The Czech economy has been the main focus of the election campaign. Although the country is in as better state than some of its central European neighbours, its budget deficit urgently needs to be reduced.
Last year the economy shrank by 4.2%, but this year it is expected to grow by 1.4%. Public debt was 35.4% of GDP in 2009, and the budget deficit hit 5.9% of GDP.
Tomas Sedlacek, Chief Macroeconomic Strategist with the CSOB financial group, said the country does have a good social safety net: “The Czech Republic has been for many many years, of the OECD countries, the least likely to get into poverty. The number of people that are at risk of poverty is the lowest, because of our very generous social system.”
Areas like unemployment benefits and pensions are the main target for cuts by the right wing Civic Democratic Party, the ODS. It has said it can halve the budget deficit, getting it under 3% of GDP by 2012 and would balance the budget by 2017.
The Social Democrats of the CSSD promise they could achieve the same but it would take slightly longer. They would do that by raising taxes for the highest wage earners and companies, which they say would allow them to maintain benefits.
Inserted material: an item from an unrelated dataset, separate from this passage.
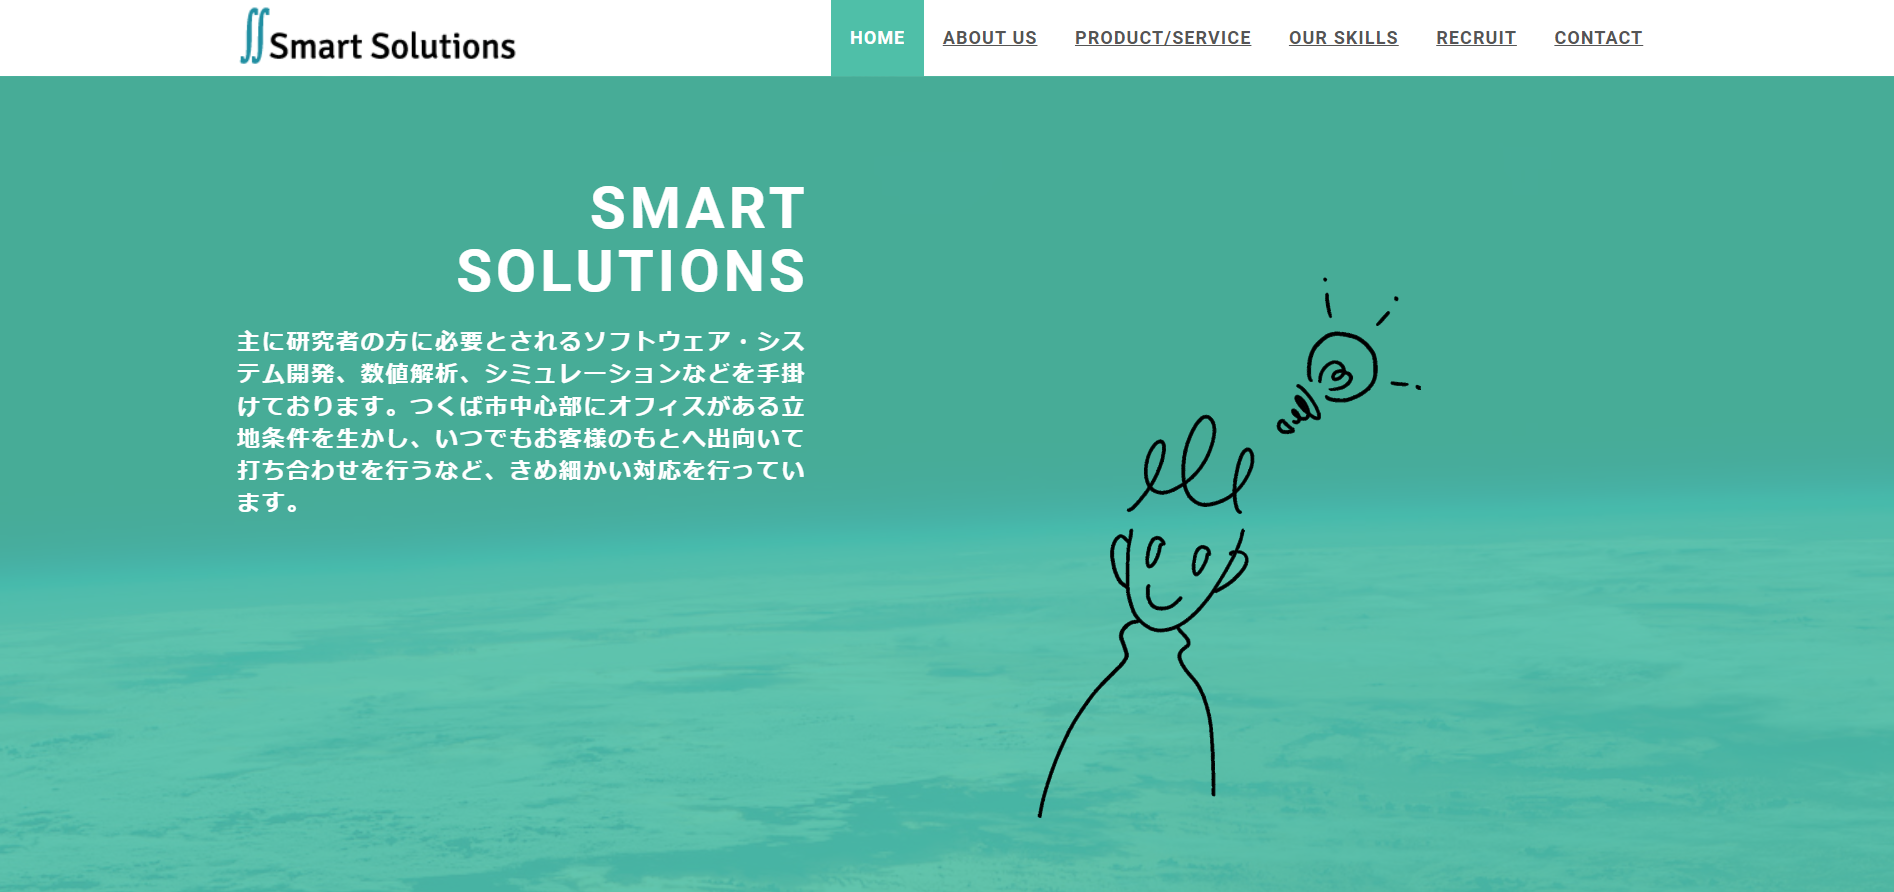 SmartSolutions株式会社のSmartSolutions株式会社:クラウド構築・導入支援サービス
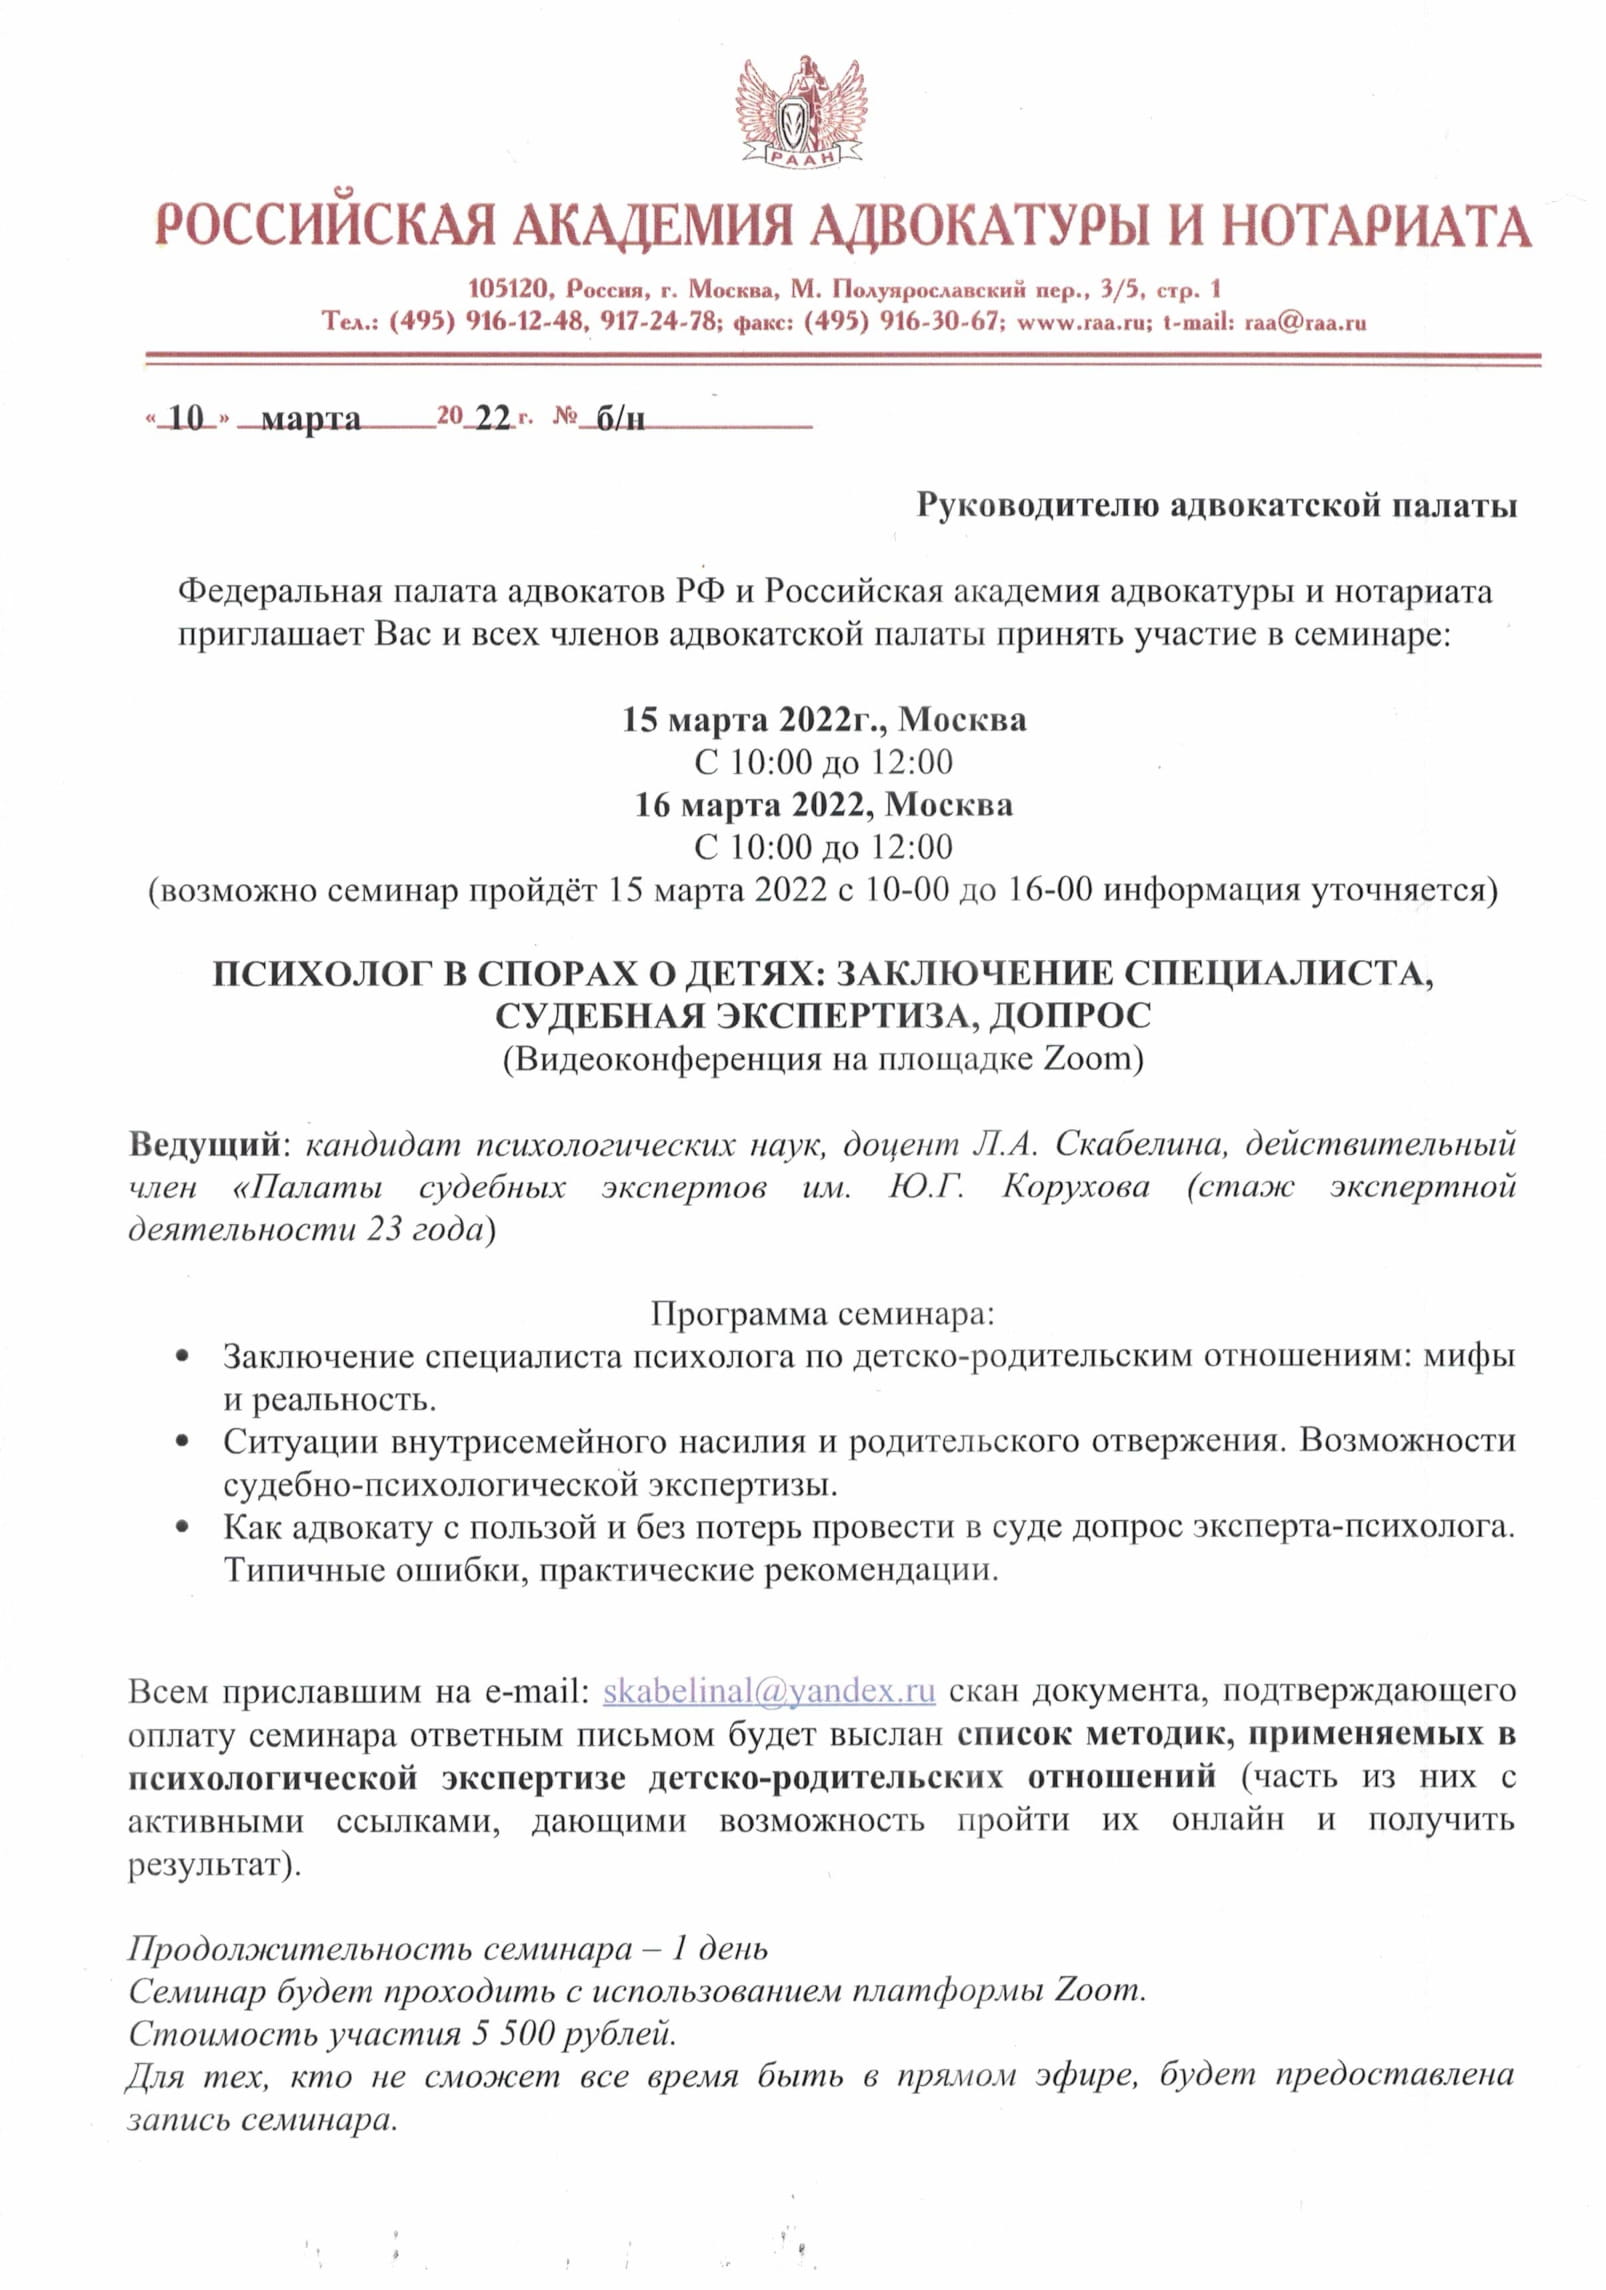  Курсы повышения квалификации адвокатов 15.03.22 г., перенесено на 22.03.2022 г.

The plan is for the country comply with the European Stability Pact, even though the idea of joining the euro has been put on hold indefinitely.
KB Bank analyst Miroslav Frayer told euronews: “The deficit problem has to be sorted out, all the more so as the European Monetary Union is certainly going to toughen up the requirements for admission into the euro zone.”
The new government will also have to step up the fight against corruption. According to Transparency International, corruption in the Czech Republic means the state loses nearly eight billion euros annually, about same amount as the deficit.